Fancy Free is programmed often enough that it's current in our memory but in this context, set alongside Billy the Kid and Rodeo, it reminded us of Jerome Robbins’ superb theatrical gift. It pulses with humor and vitality. The trio of Herman Cornejo, Cory Stearns and Marcelo Gomes were endearing in Robbins’ first major work.

Push Comes to Shove: The program shifted to a more recent work with a Twyla Tharp’s masterpiece. When it was broadcast live on Dance in America, Mikhail Baryshnikov blew the lid off what we thought we knew about men in ballet. With Tharp’s loose and rangy movement, Baryshnikov flaunted a rock star level of cool that we hadn’t seen before. Tharp was instrumental in bringing ABT into the present and generating a new vocabulary of dance.

Bright Stream: In the present day, ABT is the home of resident choreographer Alexei Ratmansky, one of today's leading creator of story ballets worldwide. The comedy of Bright Stream was hilariously rendered by Clinton Luckett and Daniil Simkin who has a flair for slapstick and a pretty fair ability to pull off a double pirouette in pointe shoes.

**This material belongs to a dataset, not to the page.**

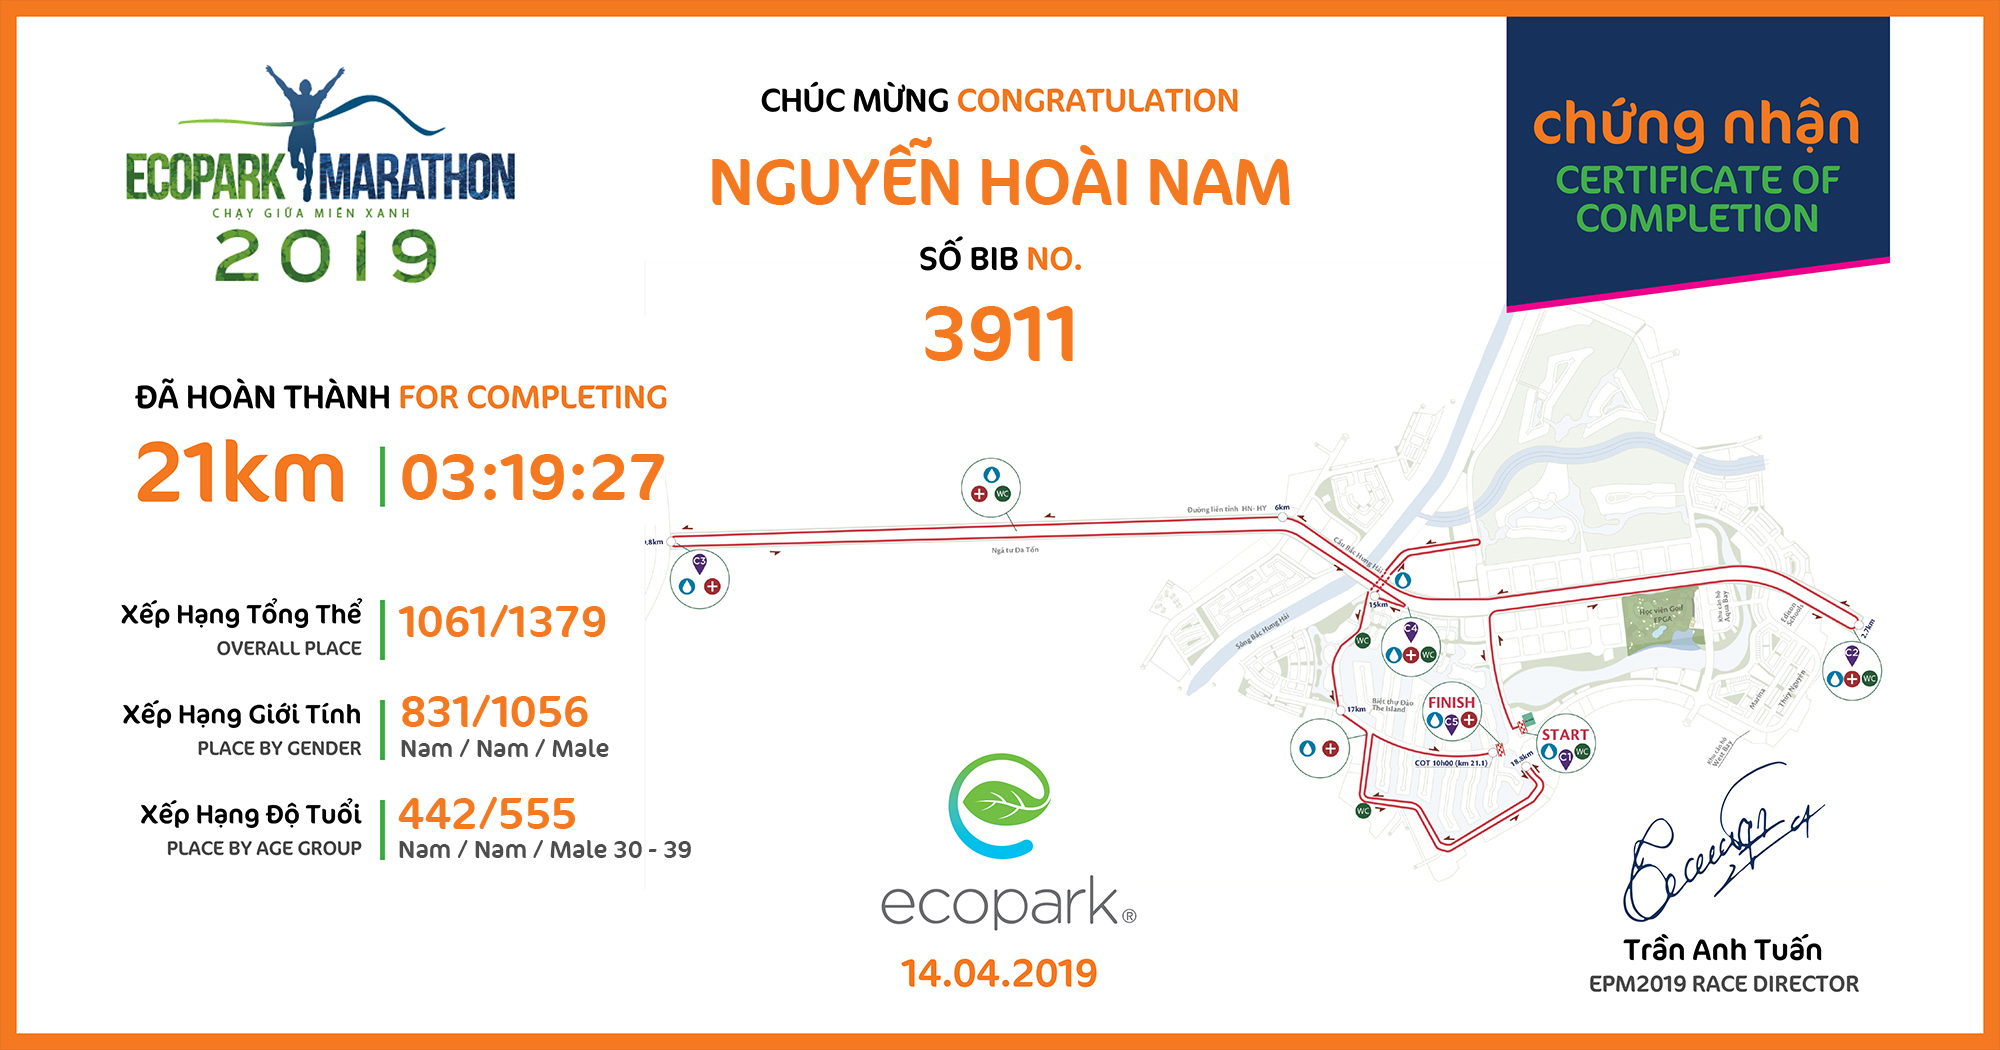 3911 - Nguyễn Hoài Nam

Giselle: Maria Kochetkova stepped in for the injured Polina Semionova, which made me wonder … will she be asked to join ABT? She danced the Giselle excerpt like a star with Stella Abrera as her Myrtha. Kochetkova would be a welcome partner for Daniil Simkin but there are also all those great soloists already in the company. 

Manon: The pas de deux from Manon was given special poignancy by Julie Kent and Marcelo Gomes. Kent is nearing the end of her long lasting career. I first saw MacMillan’s ballet back in the seventies with Natalia Makarova and this pas de deux is the essence of the rapture of dance. You had to feel sorry for Misty Copeland in her Swan Lake finale that followed this indelible moment because the crowd loved Kent’s performance so much that it made Copeland’s performance anti-climactic. Farewell, Julie!

La Bayadère: The entrance of the women’s corps de ballet into the Kingdom of the Shades is the essence of classical ballet from the Romantic era. Gliding ballerinas, all in white tutus, moonlight, and all the arabesques you could ever want. This is the stuff of dreams and it conveys a transcendental image of ballet that reminds us how incredible it is that dancers can move like this.

Piano Concerto #1: What on Earth do they put in Skylar Brandt’s Cheerios to enable to her move at such demonic speed? She danced with such breathtaking velocity that it was hard to believe she didn’t crash. But she was always under control and was a joy to see in Ratmansky’s bravura ballet.

La Sylphide: James Whiteside is one of the names you frequently hear when women talk honestly about who their favorite dance partner is. He is charismatic, athletic and sometimes heroic. You never think about Erik Bruhn when watching Whiteside in this variation.

Tchaikovsky Pas de Deux: This was Paloma Herrera’s turn in the spotlight and it was yet another high point. She was not an iota less thrilling to watch than she was twenty years ago. She still expresses her exuberant joy at being a dancer and she will be sorely missed. Farewell, Paloma!

Theme and Variations: Sarah Lane and Joseph Gorak got the nod for the climactic closing role of this great gala night. Lane, a top soloist, was up to the challenge and made it clear that she’s ready for principal roles. She was radiant, commanding and glamorous. Brava, Sarah.

If the excess emotion and energy of the evening occasionally overflowed and led to a few flubs, you have to forgive and forget because this night was about paying homage. Lucia Chase and Oliver Smith created this company to embrace the classics as well as to engage the best of contemporary choreographers and the gala did a great job of celebrating that legacy. ABT has always been a place where stars shine brightest and this night had a whole constellation of them. It was a privilege to be a part of this celebration.